Your copy should repeat the data that follows exactly and contain no image.

Given information =
•••••

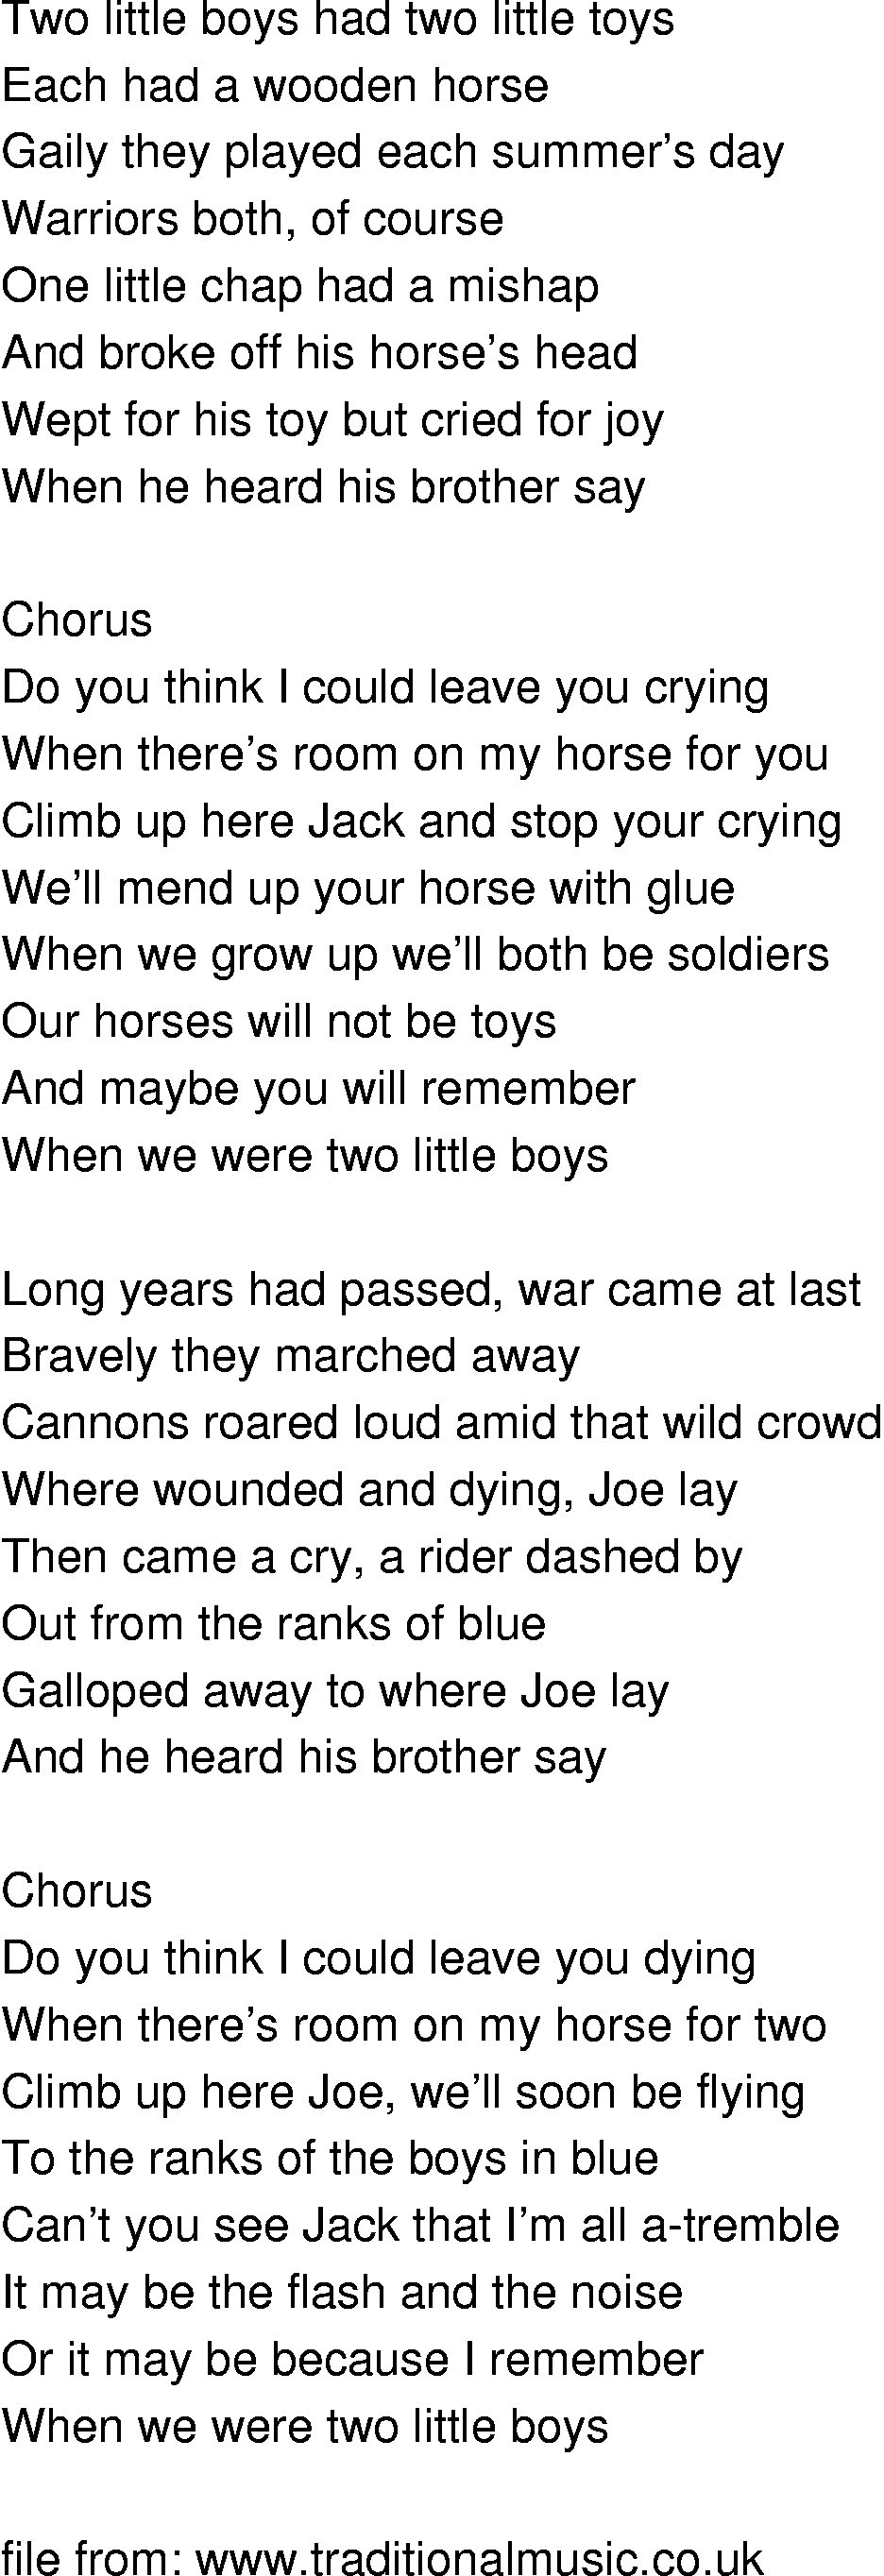 Old-Time (oldtimey) Song Lyrics - two little boys
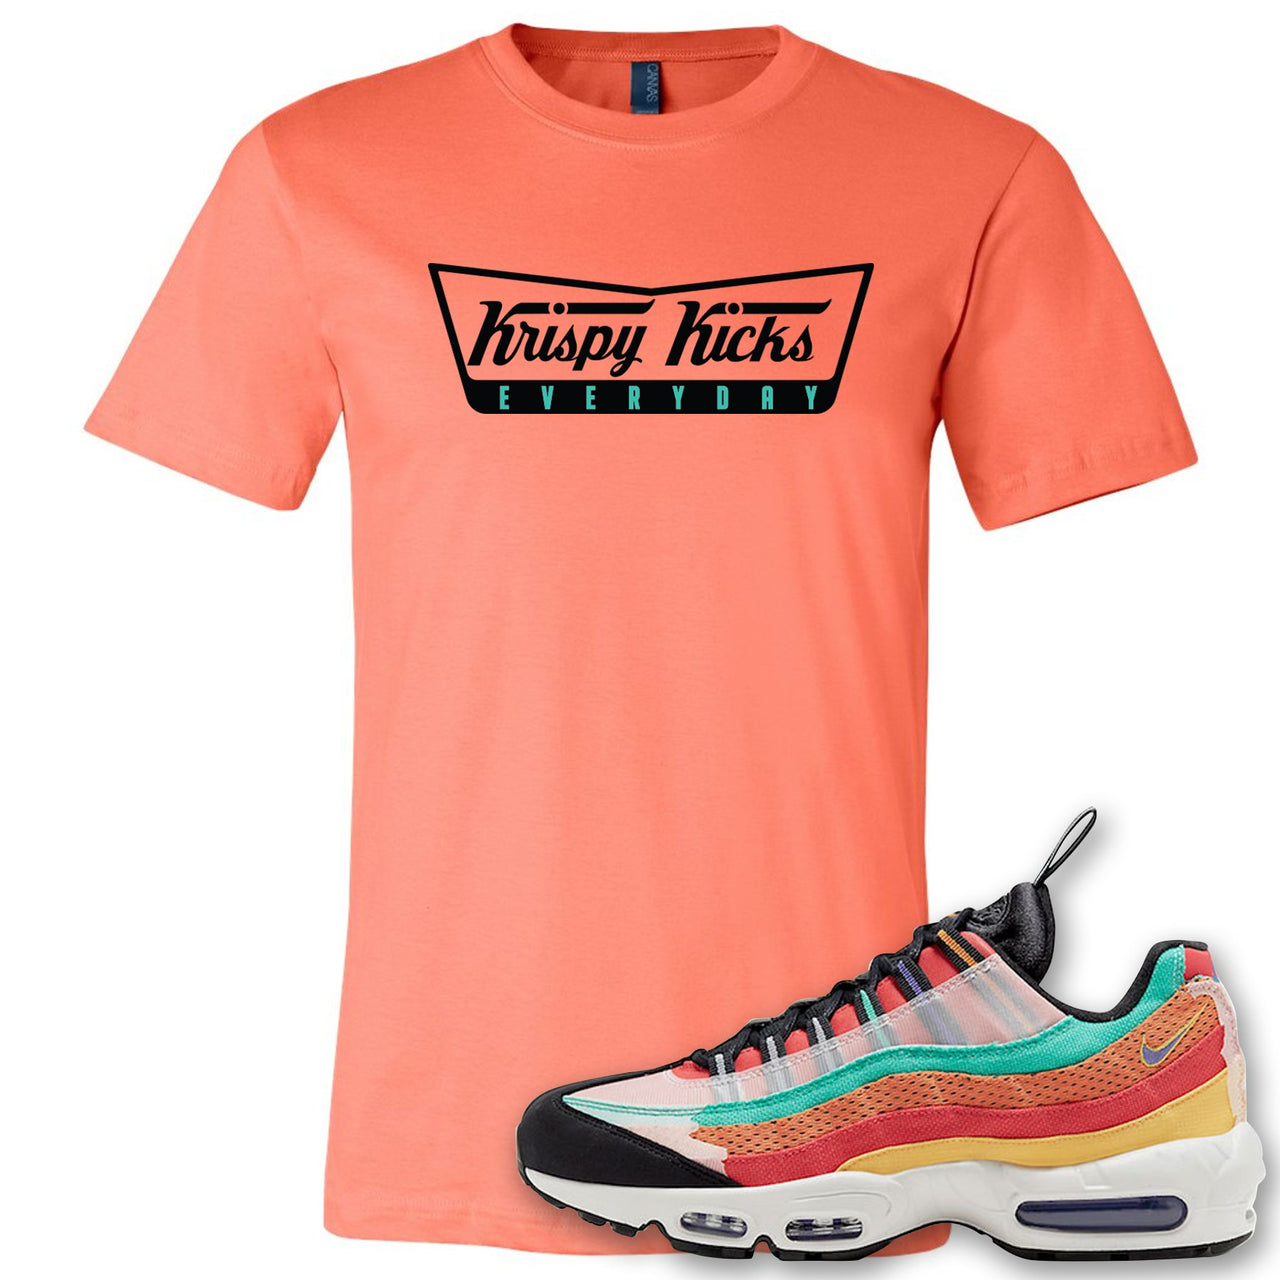 Air Max 95 Black History Month Sneaker Coral Silk T Shirt | Tees to match Nike Air Max 95 Black History Month Shoes | Krispy Kicks
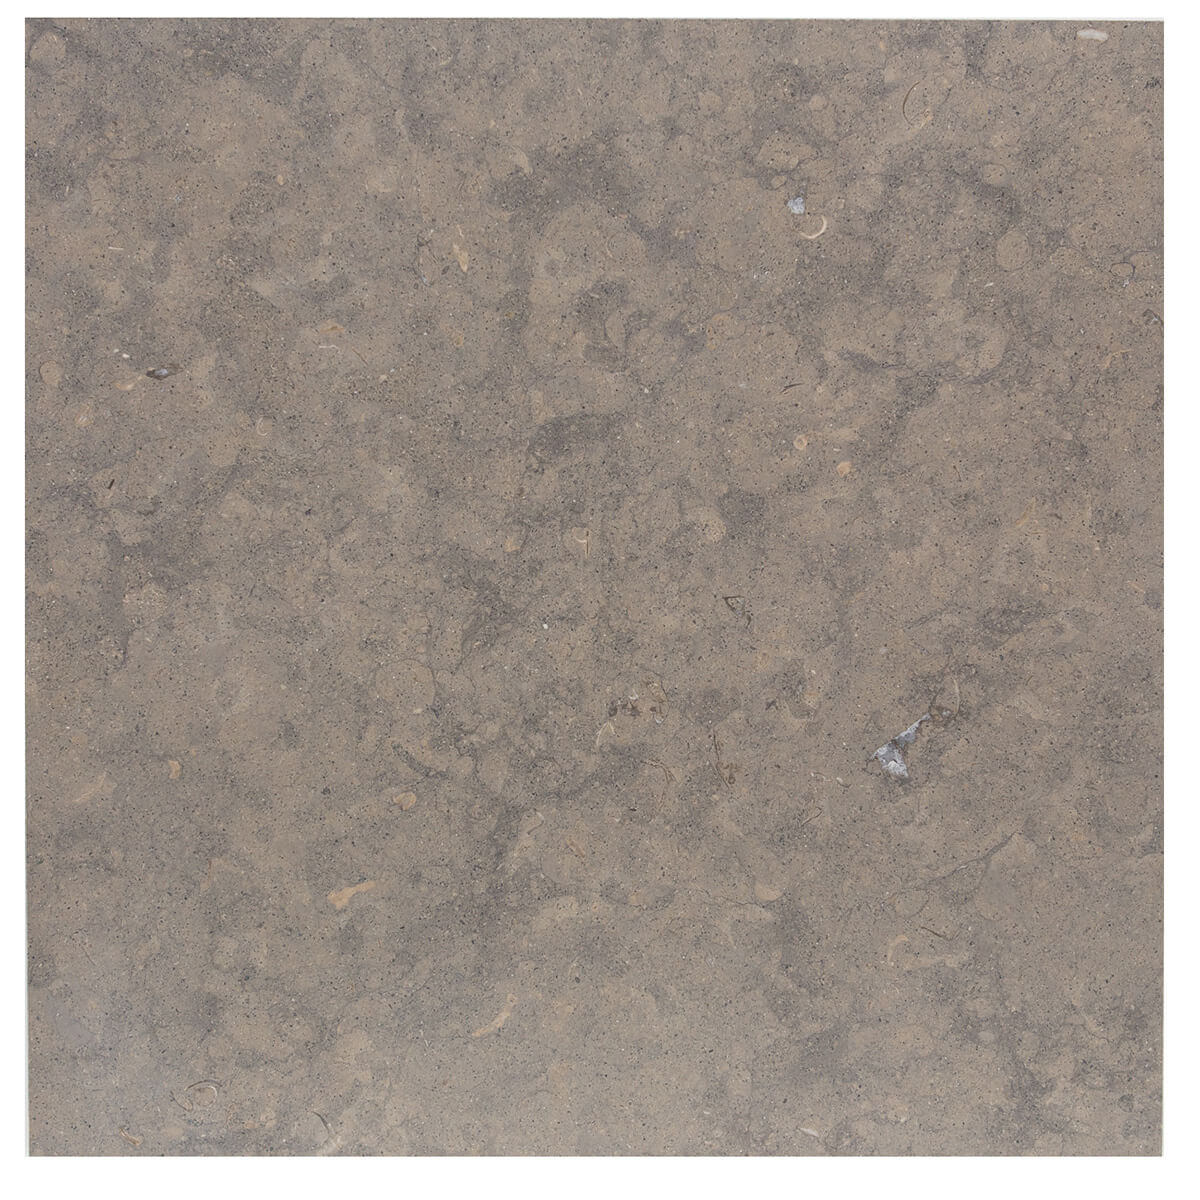 haussmann cote d azur limestone square natural stone field tile 18x18 honed

•••••

Answer area =
 Old-Time (oldtimey) Song Lyrics - two little boys
 Air Max 95 Black History Month Sneaker Coral Silk T Shirt | Tees to match Nike Air Max 95 Black History Month Shoes | Krispy Kicks
 haussmann cote d azur limestone square natural stone field tile 18x18 honed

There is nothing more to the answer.